Task directions >> Every line below must be reproduced exactly; no pictures are to be included.

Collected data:
━━━━━━

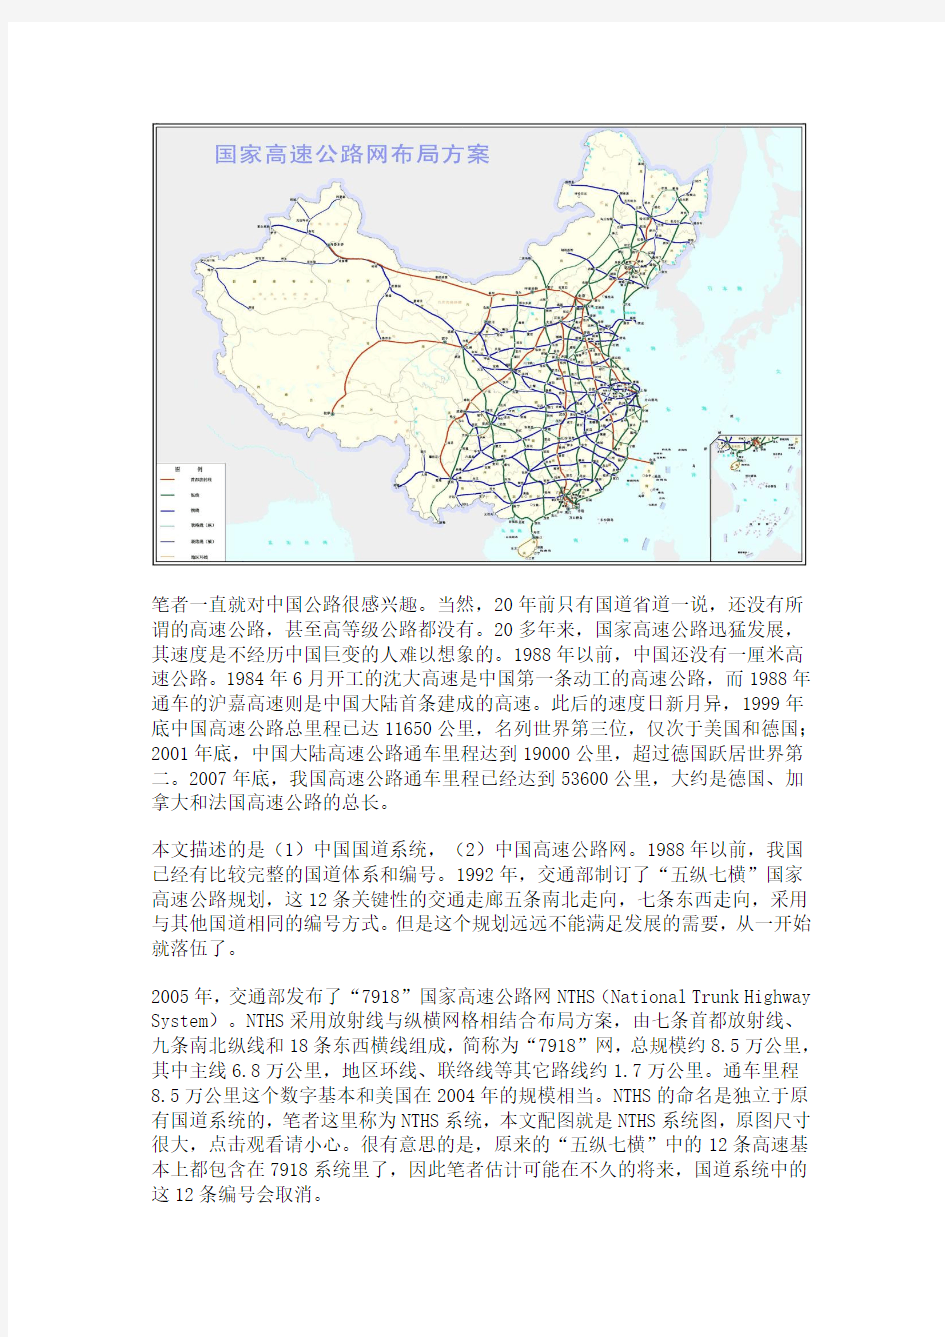 中国的高速公路网和国道网
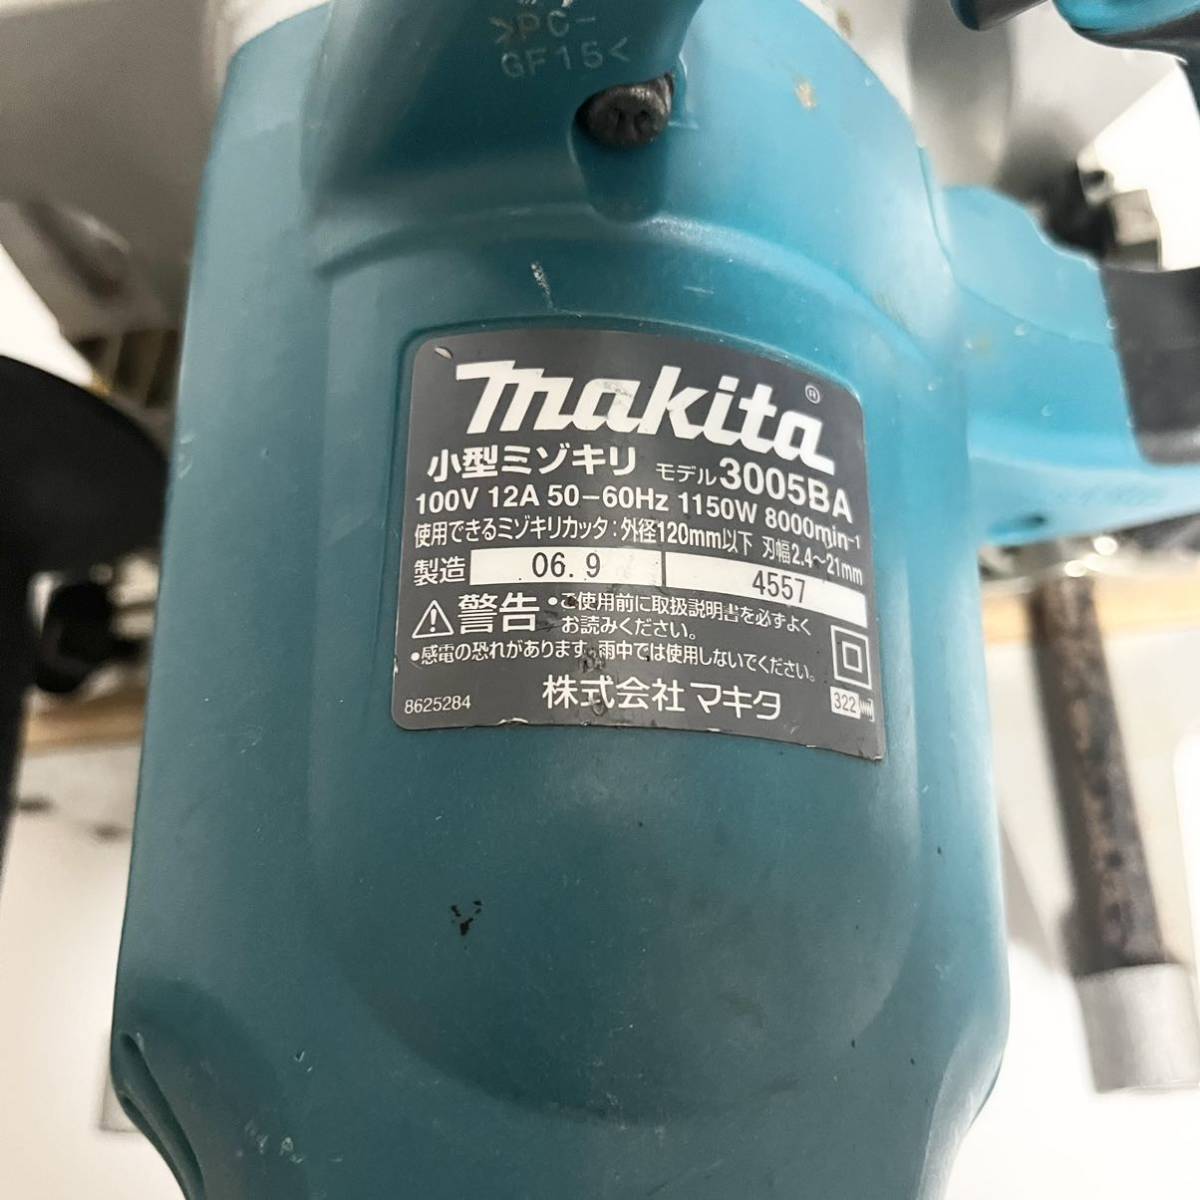 マキタ 100V 小型ミゾキリ 3005BA Makita 電動工具 電動工具
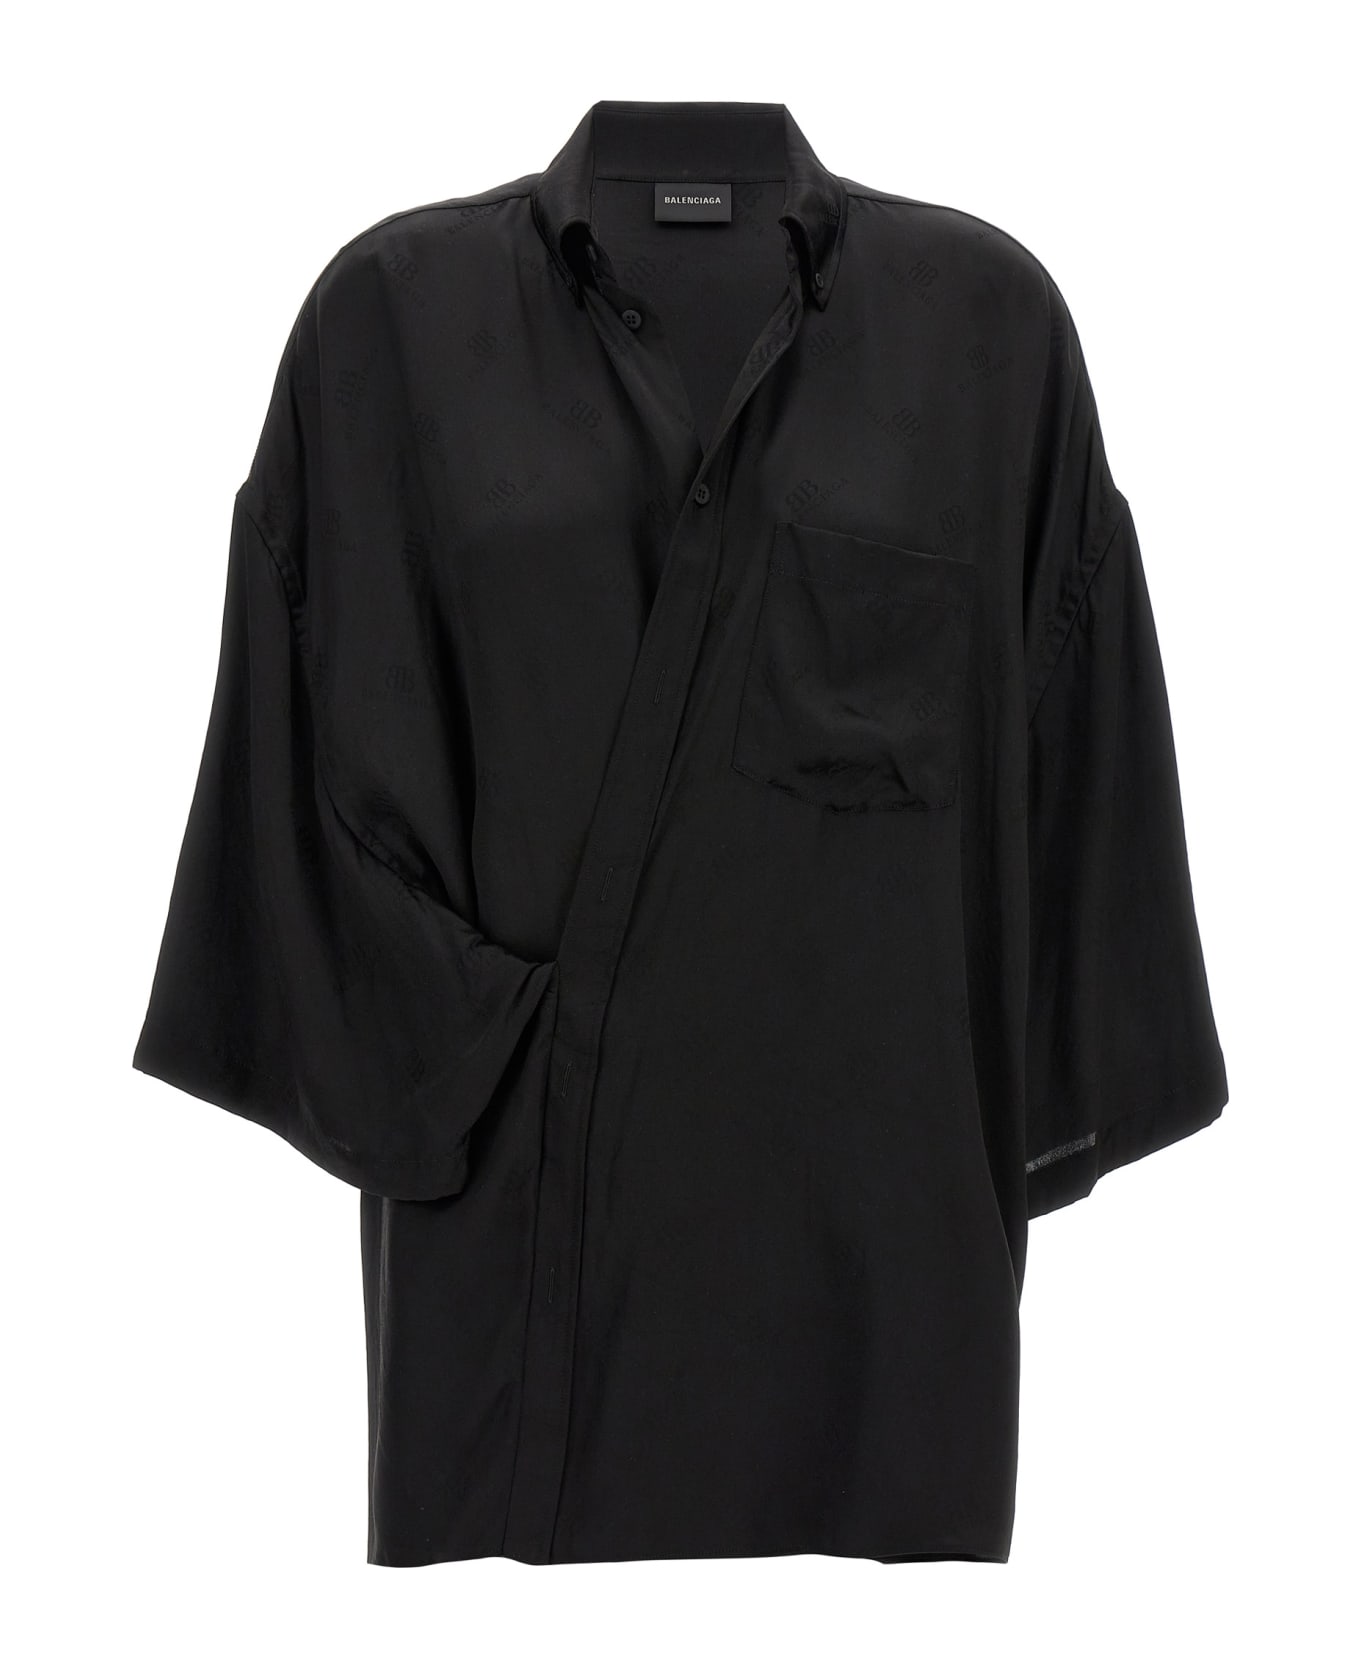 Balenciaga 'wrap' Shirt - Black  
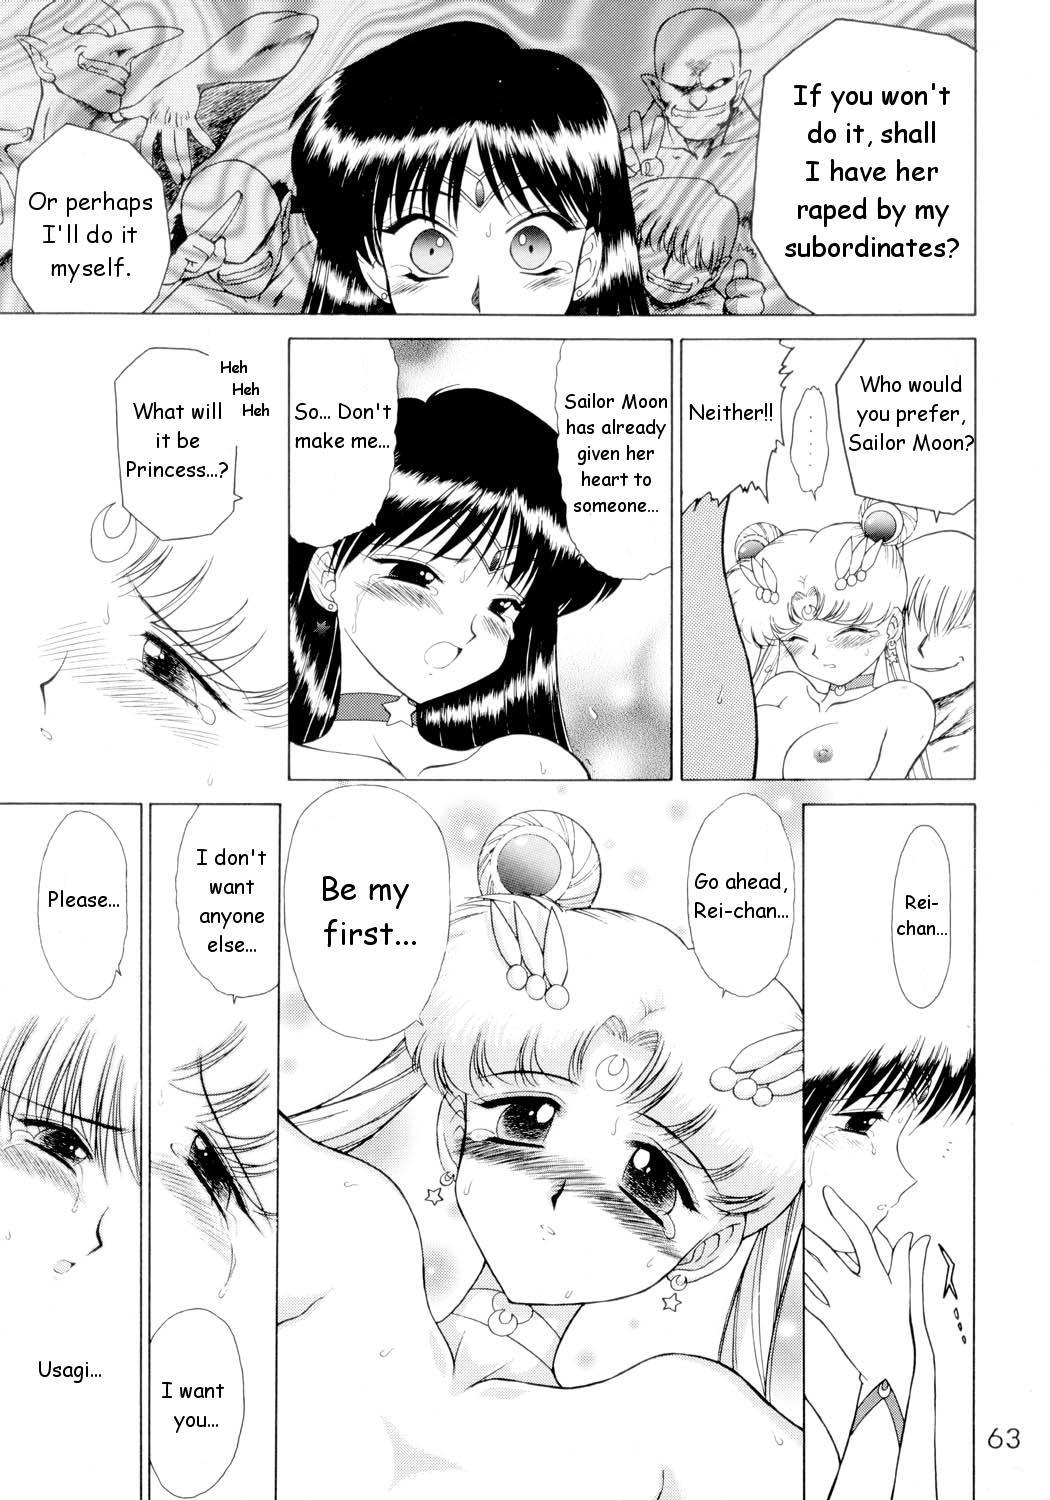 Submission Sailorstars sailor moon 61 hentai manga
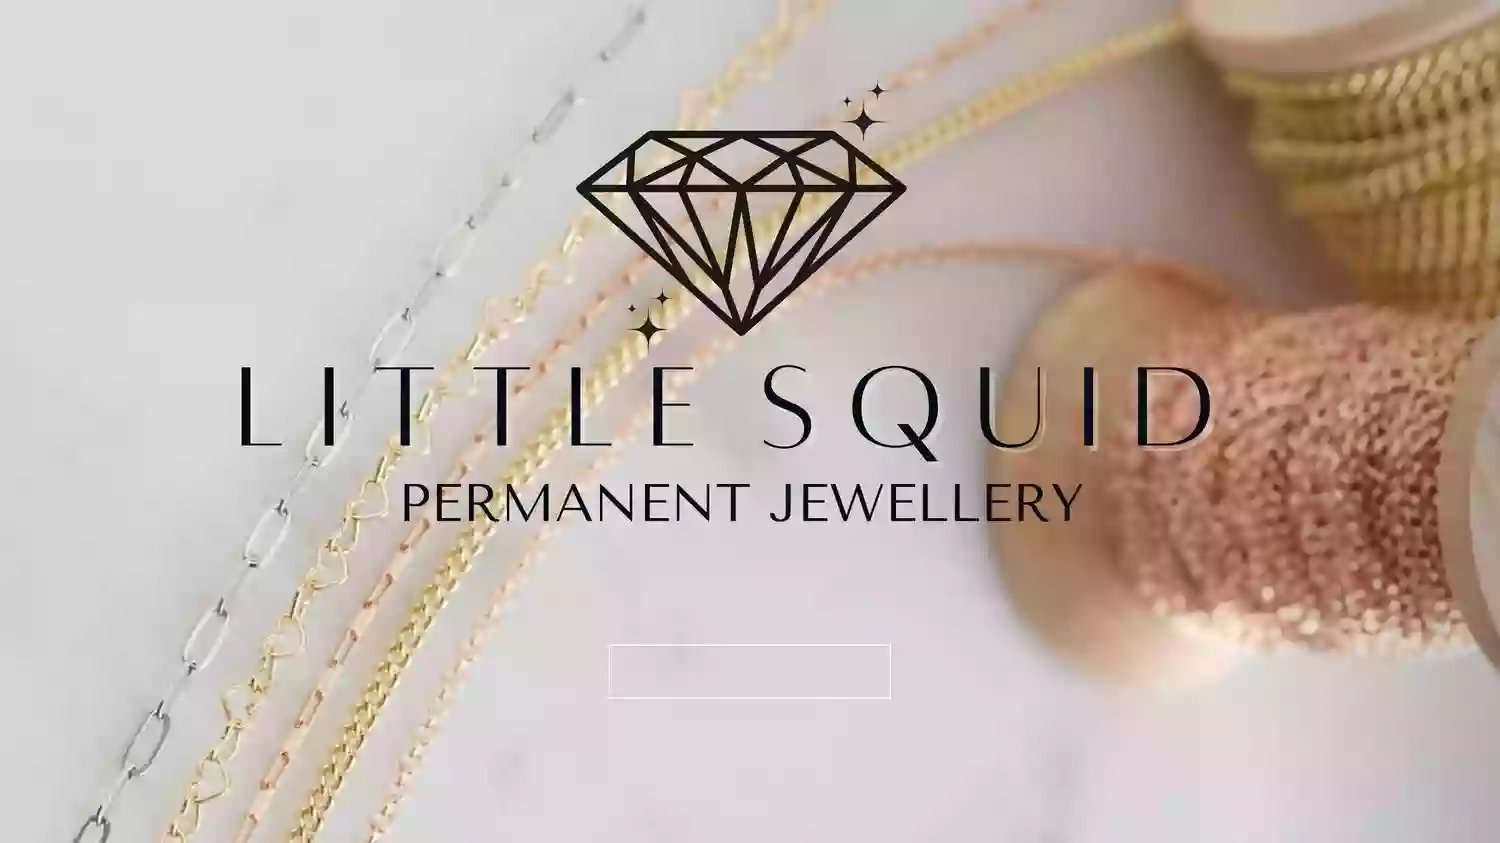 Permanent Jewellery - Little Squid
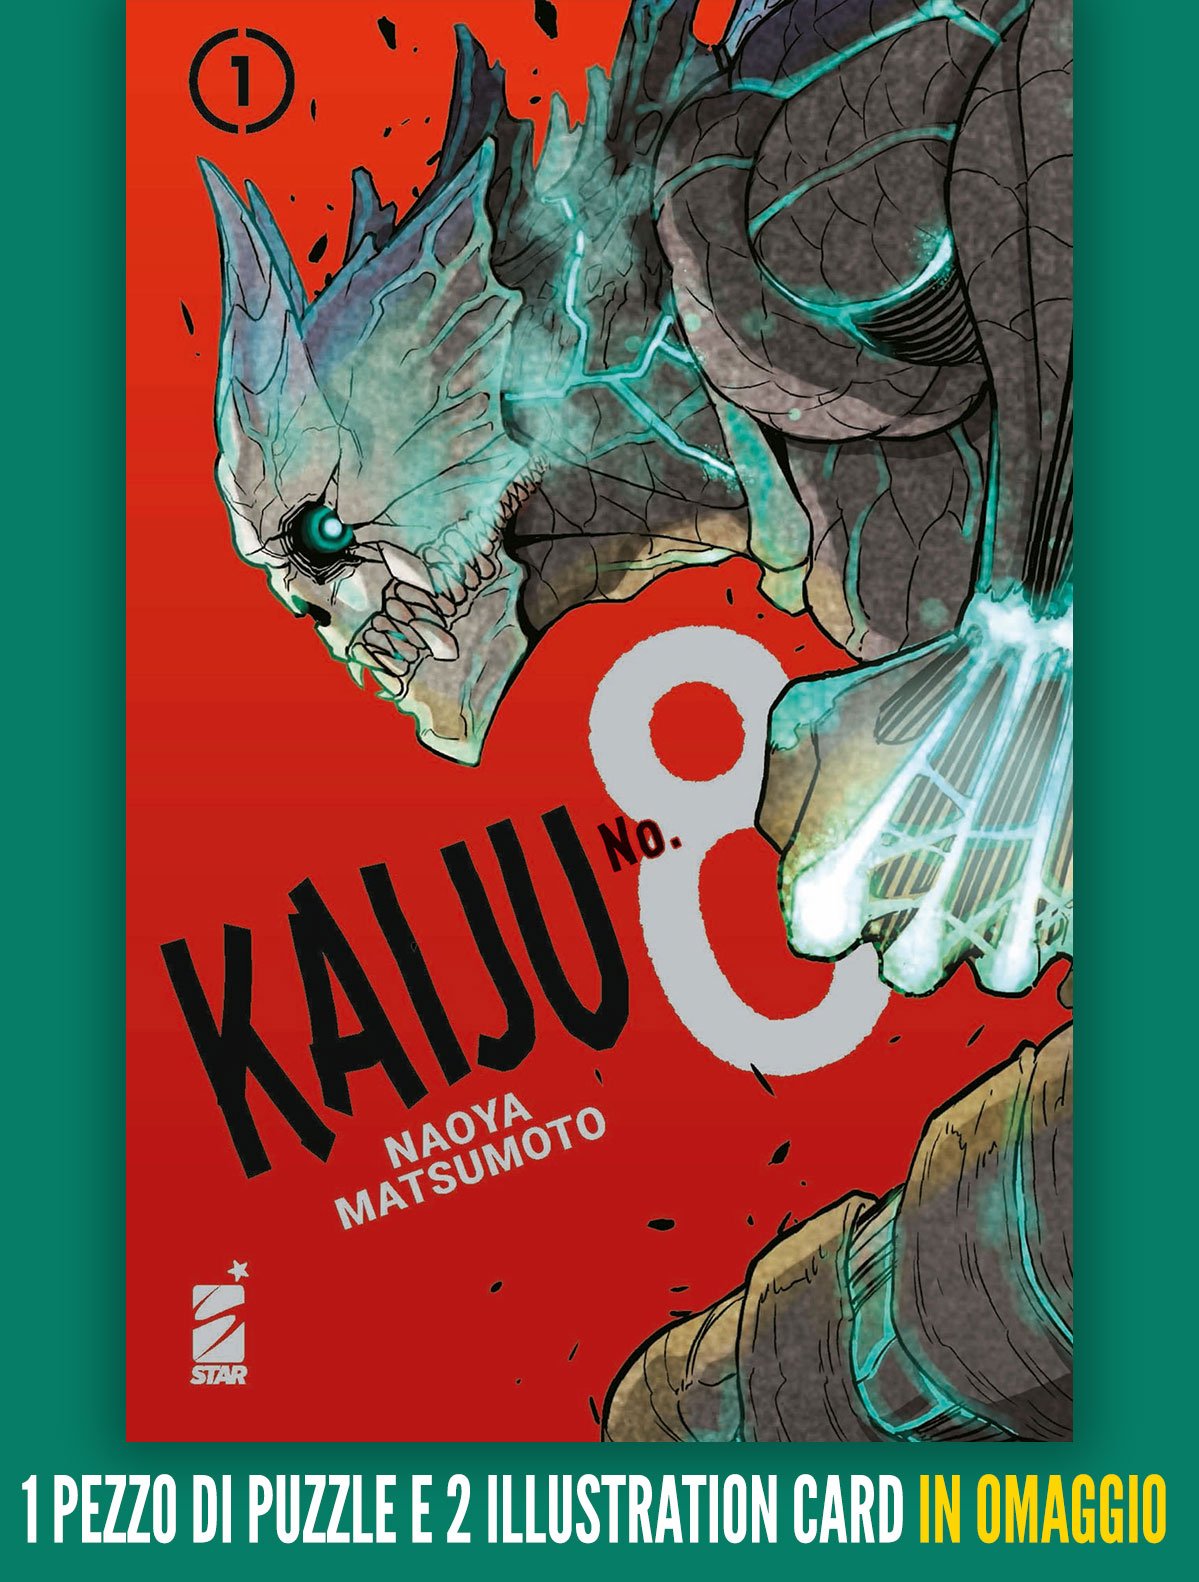 KAIJU No. 8 1 con puzzle e illustration card, tra le novità Star Comics di Marzo 2022

━━━━━━

Task output >>
 中国的高速公路网和国道网
 マキタ 100V 小型ミゾキリ 3005BA Makita 電動工具 電動工具
 Balenciaga 'wrap' Shirt - Black  
 Submission Sailorstars sailor moon 61 hentai manga
 Permanent Jewellery - Little Squid
 KAIJU No. 8 1 con puzzle e illustration card, tra le novità Star Comics di Marzo 2022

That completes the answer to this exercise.